曹毅^1,2, 王保兴¹, 孟刚¹, 林苗¹, 张洪¹

1. 江南大学机械工程学院无锡 214122;
2. 江南大学江苏省食品先进制造装备技术重点实验室无锡 214122

收稿日期:2019-10-06 修回日期:2020-01-14 出版日期:2020-09-05 发布日期:2020-10-19
通讯作者: 曹毅(通信作者),男,1974年出生,博士,教授,硕士研究生导师。主要研究方向为机器人机构学。E-mail:caoyi@jiangnan.edu.cn
基金资助:
江苏省“六大人才高峰”计划（ZBZZ-012）、高等学校学科创新引智计划（B18027）和江苏省研究生创新计划（SJCX18-0630，KYCX18-1846）资助项目。

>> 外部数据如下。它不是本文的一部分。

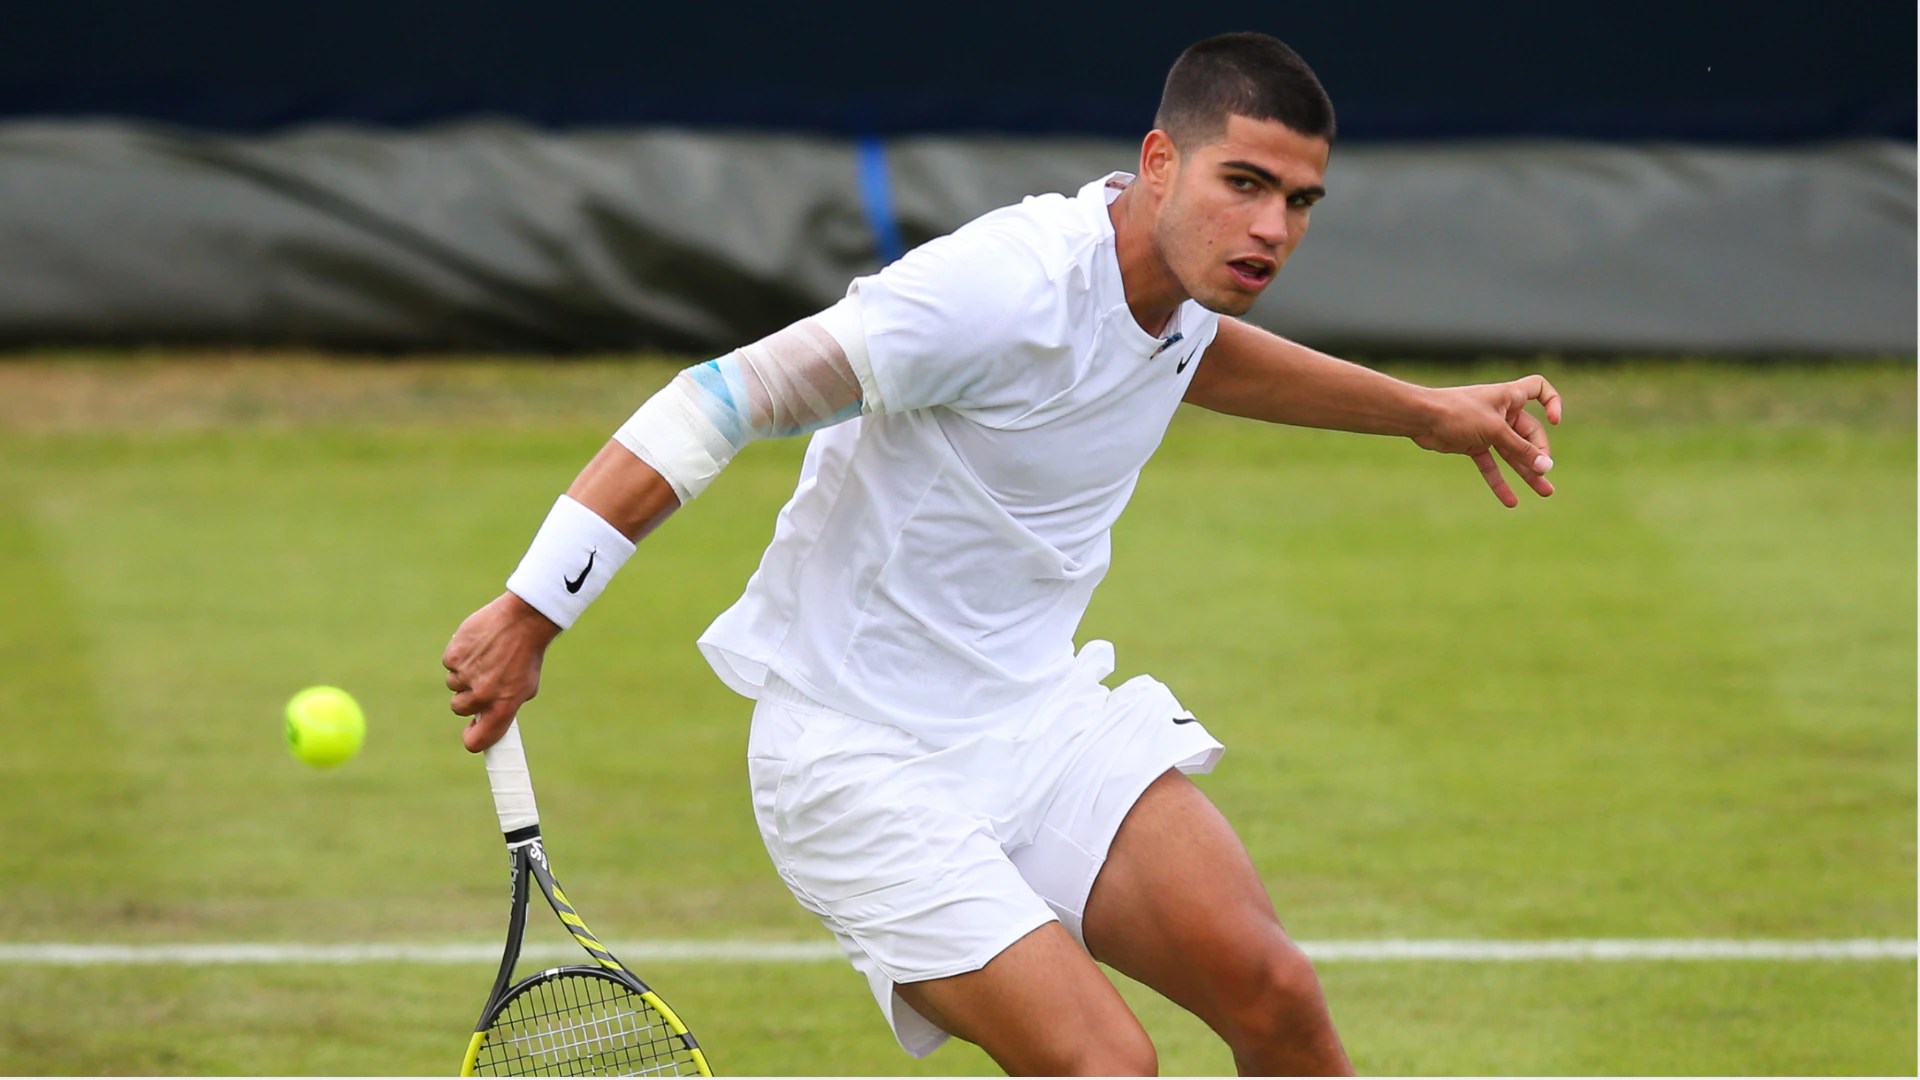 Wimbledon 2022 LIVE: From Carlos Alcaraz to Emma Raducanu - Top 5 teenagers to watch out for in Wimbledon 2022 - Check Out

Design Analysis and Optimization of Large Range Spatial Translational Compliant Micro-positioning Stage

CAO Yi^1,2, WANG Baoxing¹, MENG Gang¹, LIN Miao¹, ZHANG Hong¹

1. School of Mechanical Engineering, Jiangnan University, Wuxi 214122;
2. Jiangsu Key Laboratory of Advanced Food Manufacturing Equipment and Technology, Jiangnan University, Wuxi 214122

Received:2019-10-06 Revised:2020-01-14 Online:2020-09-05 Published:2020-10-19

摘要/Abstract

摘要： 为设计具有毫米级运动行程、良好的静、动态特性且结构多样的三维平动柔性微定位平台。首先，提出两种新型的多自由度大行程柔性运动副。其次，基于该运动副，给出三种新型大行程空间平动柔性微定位平台实例。然后，采用非线性方法建立平台力位移关系、输入耦合及丢失运动的理论模型，并采用柔度矩阵法建立平台的刚度及固有频率模型。随后，以提高平台的静、动态性能为目标对平台进行参数寻优。最后对平台进行有限元分析，验证理论模型的正确性。根据理论与仿真结果，平台一阶固有频率为49.6 Hz，在1 mm运动行程内，x、z轴方向的丢失运动分别小于0.32%、0.7%，输入耦合小于1.2%且输出完全解耦。为空间平动柔性微定位平台的设计、分析及优化提供了一种系统化的研究方法。

关键词: 柔性机构, 大行程, 结构设计, 非线性分析, 参数寻优

Abstract: In order to design spatial translational compliant micro-positioning stages with millimeter-scale motion range, excellent static and dynamic characteristics and various structures. Firstly, two new types of multi-degree-of-freedom and large-stroke compliant kinematic joints were designed. Then, three new types of spatial translational compliant micro-positioning stages with large motion range were designed based on these compliant kinematic joints. Next, Nonlinear method was used to modeling the force-displacement relationship, input coupling and lost motion of the stage, and compliance matrix method was used to modeling the stiffness and natural frequency of the stage. Afterwards, optimal parameter was searched to improve both static and dynamic performance of the stage. Finally, the validity of the theoretical model was proved by finite element simulation. According t o the results of both theory and simulation, the first-order natural frequency of the stage is 49.6 Hz. In 1 mm motion stroke, the lost motion in the x and z directions is less than 0.32% and 0.7%, the input coupling is less than 1.2% and the output motion is completely decoupled. It provides a systematic research method for the design, analysis and optimization of spatial translational compliant micro-positioning stages.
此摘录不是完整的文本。